In the same way that we find mature people in their 20´s and adults in their 40´s that behave as children, we can teach units that are planned for third or fourth graders to first graders. This is how we use differentiation. The animals section of my classroom library is big and includes picture books to books with extensive information about a specific animal. Students will be free to choose their books for their own interest and projects and will be informed by the variety of resources available. In previous years, I have had very gifted and talented students that were always looking for more information. From my experience, the willingness to learn is not limited by age.
I will also use the ideas about intuitive and analytical thinking that are presented in The Process of Education (1960). These are essential features of productive thinking. Science and math are subjects where is very easy to apply these processes, but they can also be used in other subjects.
The final application of Gardner´s theories into my curriculum unit about animals, -includes the motives for learning. They must be based as much as possible upon the arousal of interest in what is to be learned, and they must be kept broad and diverse in expression.
Students need to know why they are going to learn about animals. They need to know that they live with us on the Earth and are part of our life cycle. The groups of animals are broad and diverse, - as Gardner says, this diversity promotes learning.

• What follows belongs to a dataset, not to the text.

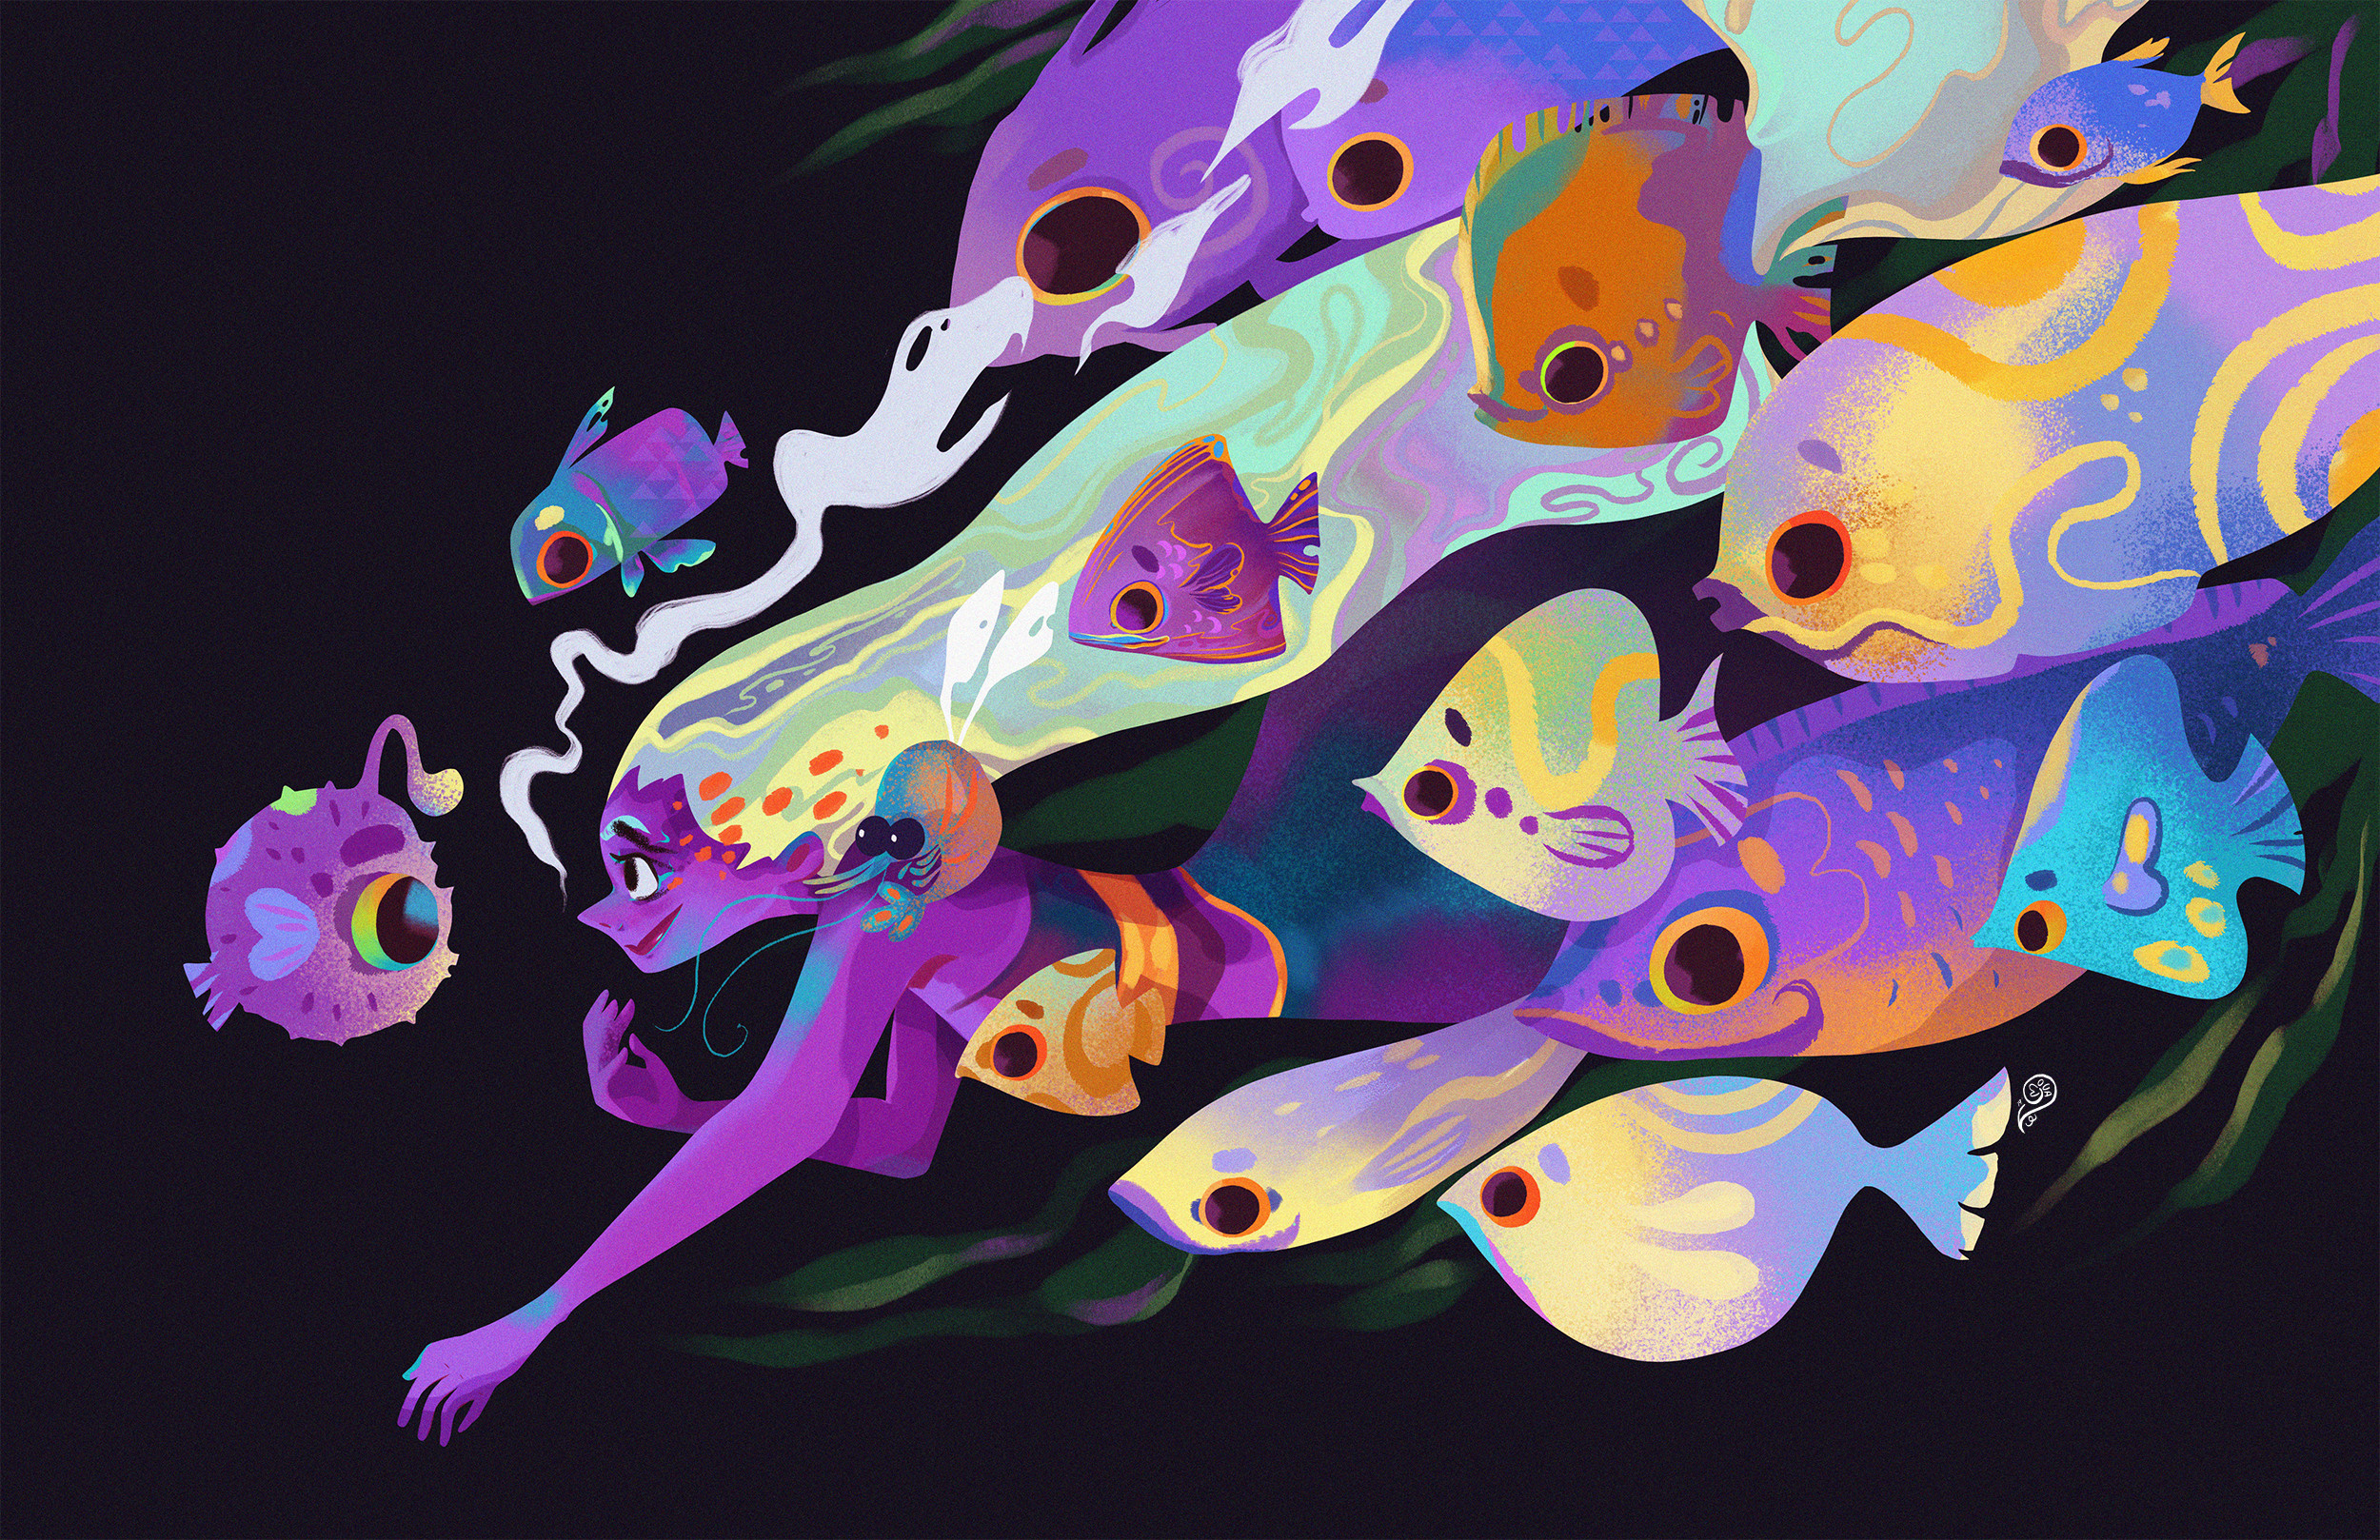 General 2500x1618 Vanessa Morales illustration colorful women long hair nature water fish mermaids sea artwork digital art

On the other hand, I share with Piaget, the theory that a person takes material into their mind from the environment, which may mean changing the evidence of their senses to make it fit. In the same way, students need adaptation to live in two cultures and two languages. They will assimilate concepts from visiting Brookfield or Lincoln Park Zoo or a farm during Fall with their parents. These new concepts about animals will be assimilated and then accommodated in their minds. Besides these field trips that I will propose to parents, I will show National Geographic videos about animals and pictures from my visits to the Zoo.
Another of Piaget´s key ideas fits perfectly in the unit. Classification, the ability to group objects together on the basis of common features, will be used often during the teaching of the unit. Students will need to classify animals into different categories and group them based on similarities and differences.
Further, Piaget´s idea of class inclusion will apply, where some classes or sets of objects are also sub-sets of a larger class. Students will learn, for example, that there is a class of creatures called mammals and that there is a class called animals. But all mammals are also animals, so the class of animals also includes that of mammals.
I will definitely adopt Piaget and Garner´s theories as I develop this unit and I am sure it will be a very enriching educational experience for the students and another positive teaching experience for me.